There are two dominant ways to detect the heteroskedasticity. One is to plot the residuals, and the second is to use the popular “White” test. How do these two approaches perform in our case?
plot(reg$residuals^2, cex = 0.7)
There is no visible strutural heteroskedasticity here. But we do find some “outliers” in the plot.
res_reg <- lm(reg$residuals^2 ~ dat$x1 + dat$x2 + dat$x1^2 + dat$x2^2 + dat$x1*dat$x2)

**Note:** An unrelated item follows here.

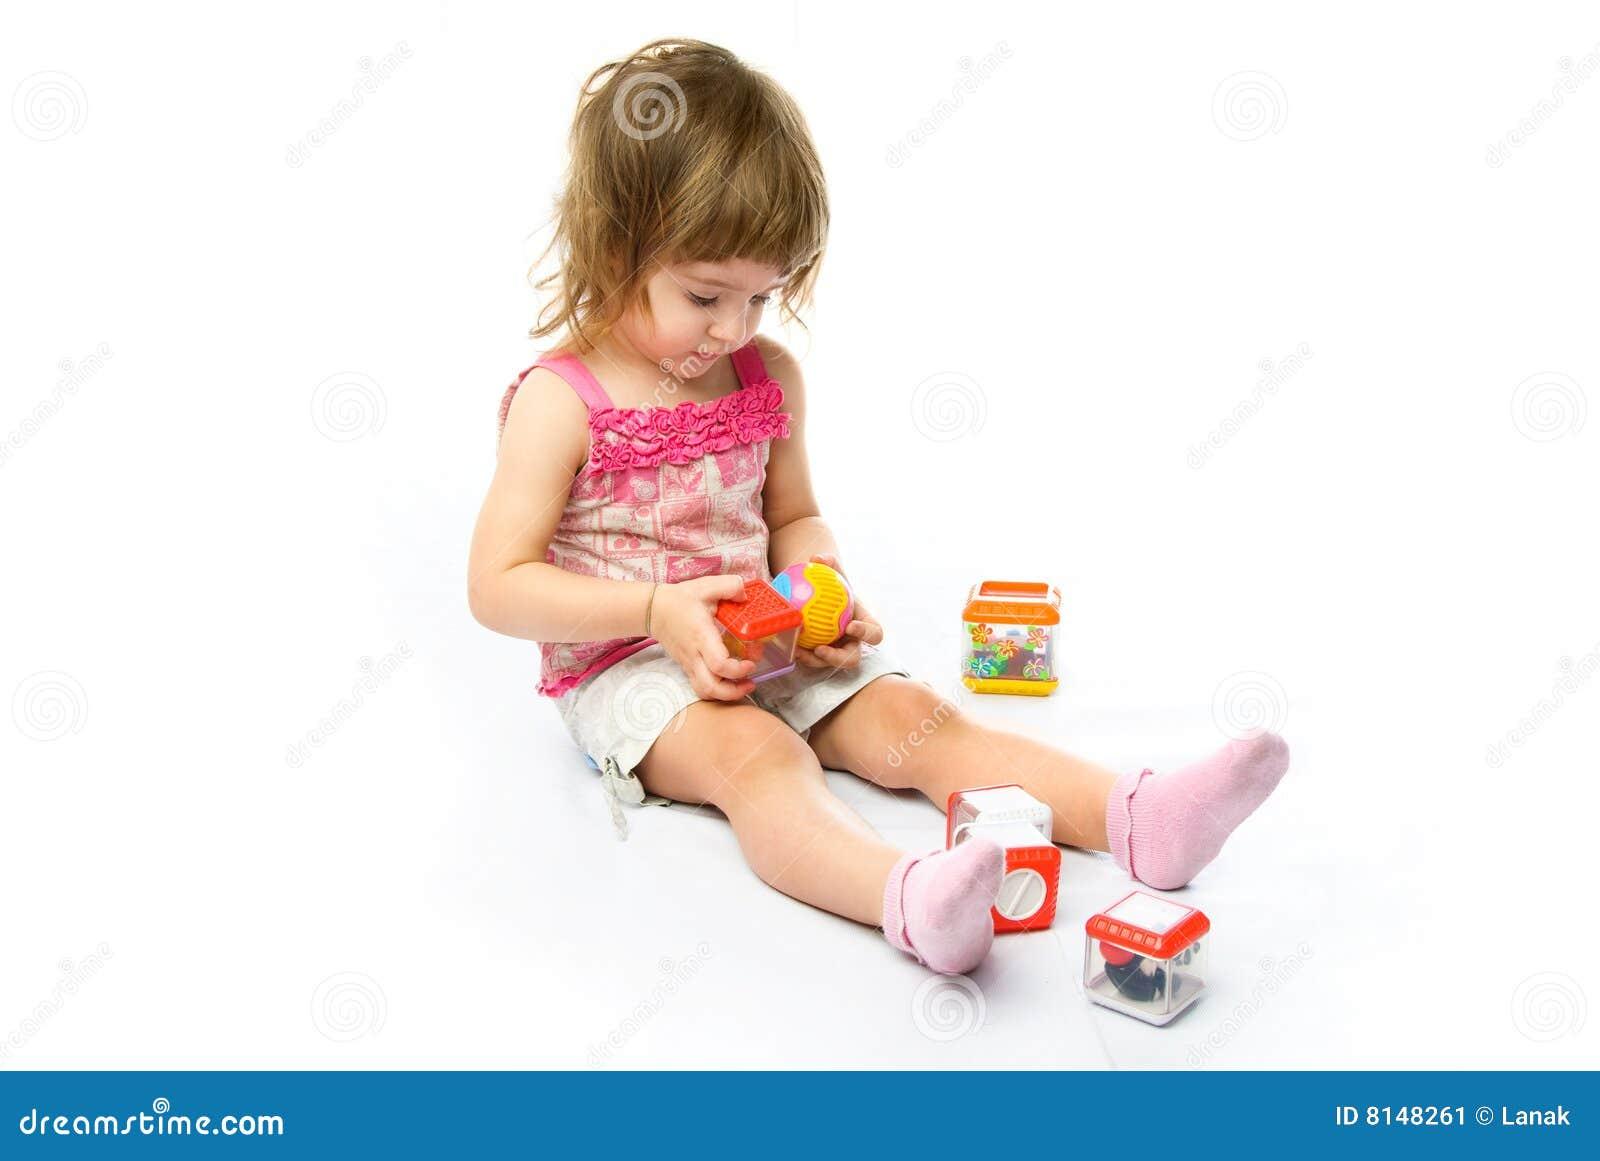 Girls Outdoor Play Toys - ToysRUs

pchisq(q = 500*0.02318, df = 5, lower.tail = T)
## [1] 0.9591413
The White test fail to reject the null hypothesis! It is actually not surprising! Both of the White and Breusch-Pagan test assume that the variance of error terms is conditional on some exogeneous variables. If this is not true, both of the tests will “unconditionally” fail.